No sooner had Philip ascertained that the party had made good their escape, than he himself prepared to bid good-bye to The Harp. O’Brien was not at all surprised at this sudden resolution, as Greaves had professed to be daily transacting business; which he asserted might be brought to a close at any moment. And so he had been transacting business; for he might have been seen occasionally entering, by stealth, a certain dwelling in the outskirts of the city where Fenianism and all Irish Nationalists had their deadliest enemy; but, as already intimated, this enemy had been rendered powerless by the wine cup for some time past, so that if there had been any matter of importance to transact between them, it would have been useless to have even approached it. Still Philip called and called, but to no purpose; so finding that he had pressing matters in another direction to claim his immediate attention, he left the mystified functionary in disgust, casting a glance at the numerous unopened dispatches on his table, and congratulating Canada on the possession of such a creditable and efficient, leading officer.
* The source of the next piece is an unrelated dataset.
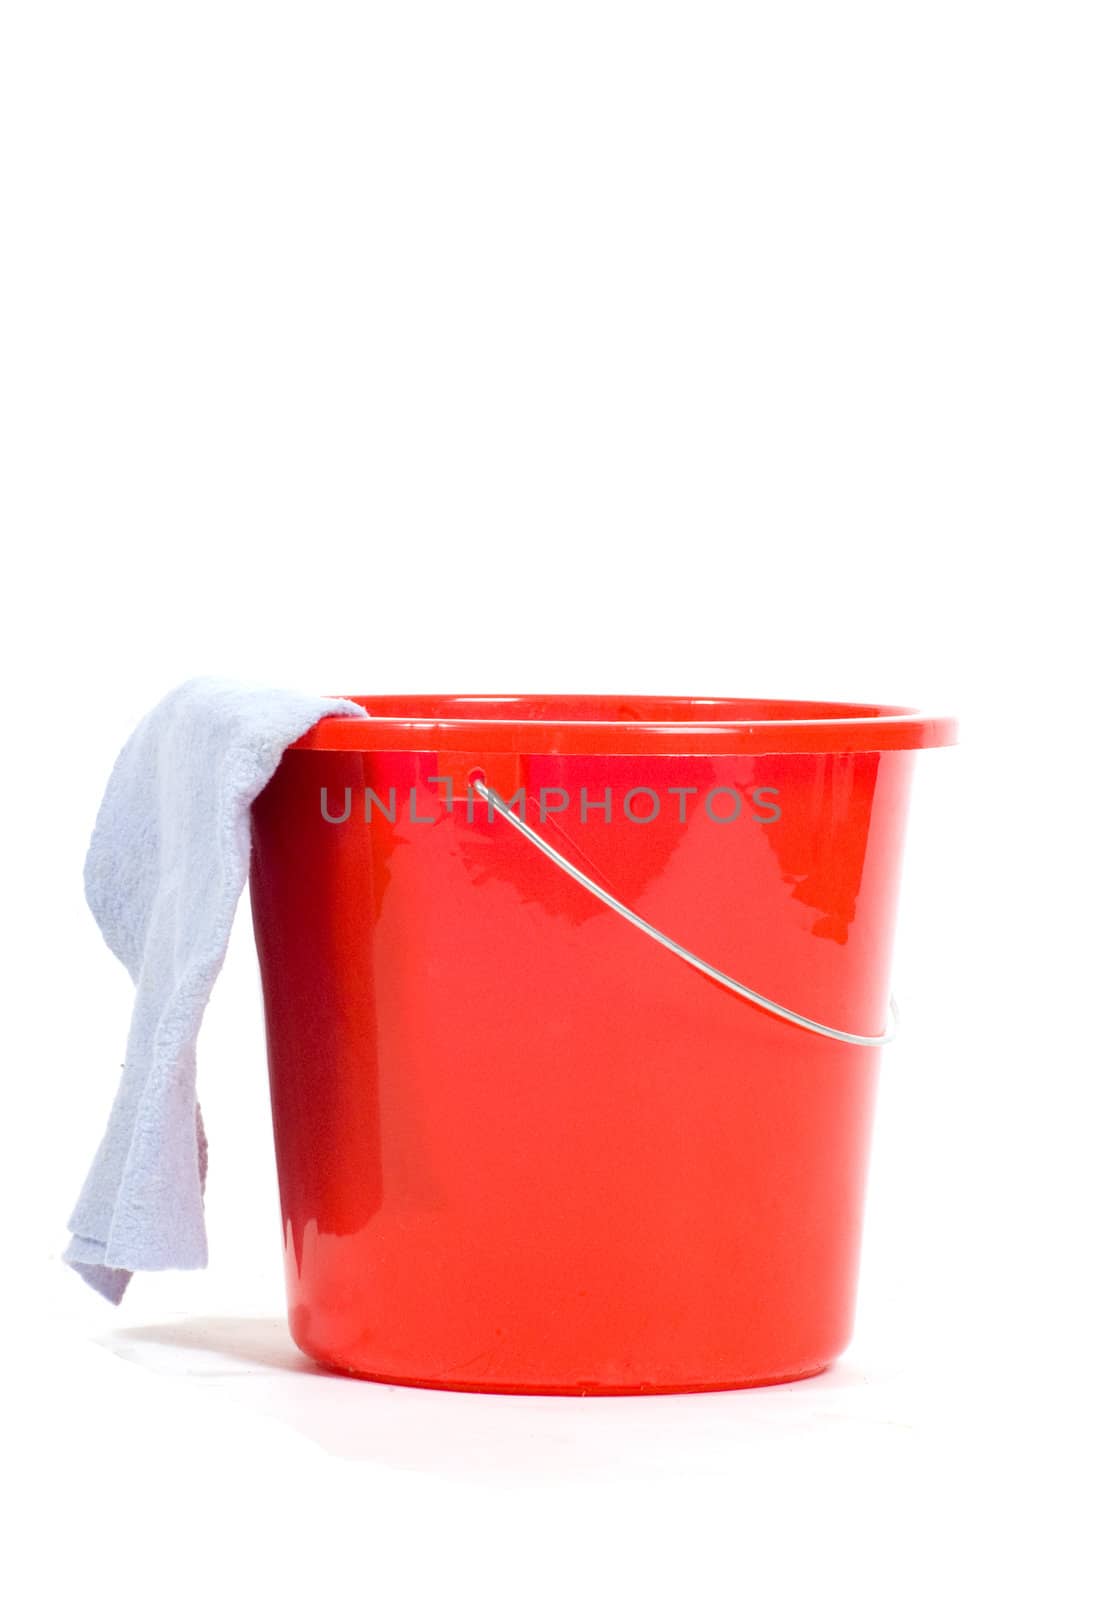 red bucket with dishcloth  isolated on white

Shaking hands with Tom, then, after having honestly liquidated his bill, our mysterious friend soon found himself on board a train bound direct for Toronto, where he arrived in due course, amid hosts of rumors, and military movements which were being accomplished in that reckless and inefficient haste, that went to prove a screw loose somewhere. Here he found himself on the evening of the 29th, and being obliged to remain in the city all the next day, he started the following morning for the West, when he learned, while journeying onwards, that the Fenian forces were massed at Buffalo and along the American frontier, and that a descent upon Fort Erie was sure to take place within a very few hours. Although he had intended to reach his destination before night, he was delayed at the various stations, by rumors which tended to make it important for the train not to proceed in haste, it having been alleged, more than once, that the Fenian army was already in the Province, and burning and destroying all before it, In turn, however, each of these rumors was contradicted; and so the cars proceeded until another was encountered. In this way the morning of the first of June overtook him before he had yet reached the point for which he was bound. Now, however, he ascertained that the Province was, without any manner of doubt, invaded by the army of the Irish Republic, and that even then the “Sunburst” was flying over the village of Fort Erie.
This intelligence seemed to confound him, and to have exceeded anything that he could have anticipated. He hod fancied that, notwithstanding all the rumors he had heard within the last few months, there was no real intention on the part of the Irish Nationalists of the United States to actually invade the Province; and believed the reports of their having congregated upon the American frontier as either unfounded or tremendously exaggerated. Now, nevertheless, they were within a very few miles of him, and might be upon him and the neighborhood he was approaching, at any moment.
There was something in this latter conviction that appeared to move him greatly as he stepped off the train at Port Colborne, where he found the inhabitants in a state of the direst alarm. Being a stranger, and unable or unwilling to account very clearly for his sudden presence here, and at a juncture when suspicion was so rife and every new comer subjected to the closest scrutiny, he was put under surveillance and not permitted to leave the village, as he was about to do, until he had explained his business to the authorities. Chafing with disappointment and anger, he was taken into custody and confined in one of the rooms of his hotel, until a magistrate could be found to look into his case. Here, notwithstanding his protestations and willingness to prove that he was a loyal British subject and one of importance too, he was detained nearly the whole day; tormented by the uncomfortable misgiving that perhaps, after all his generalship, Nicholas Barry might again be in the Province and at a point, too, where he should be able to frustrate all the plans he had laid so deeply and executed for so far with the utmost secrecy and success. At last, however, a magistrate was found and a private investigation of his case granted. The examination was brief; for scarcely had that functionary been closeted five minutes with him, before he was set at liberty and again stepped forth a free man.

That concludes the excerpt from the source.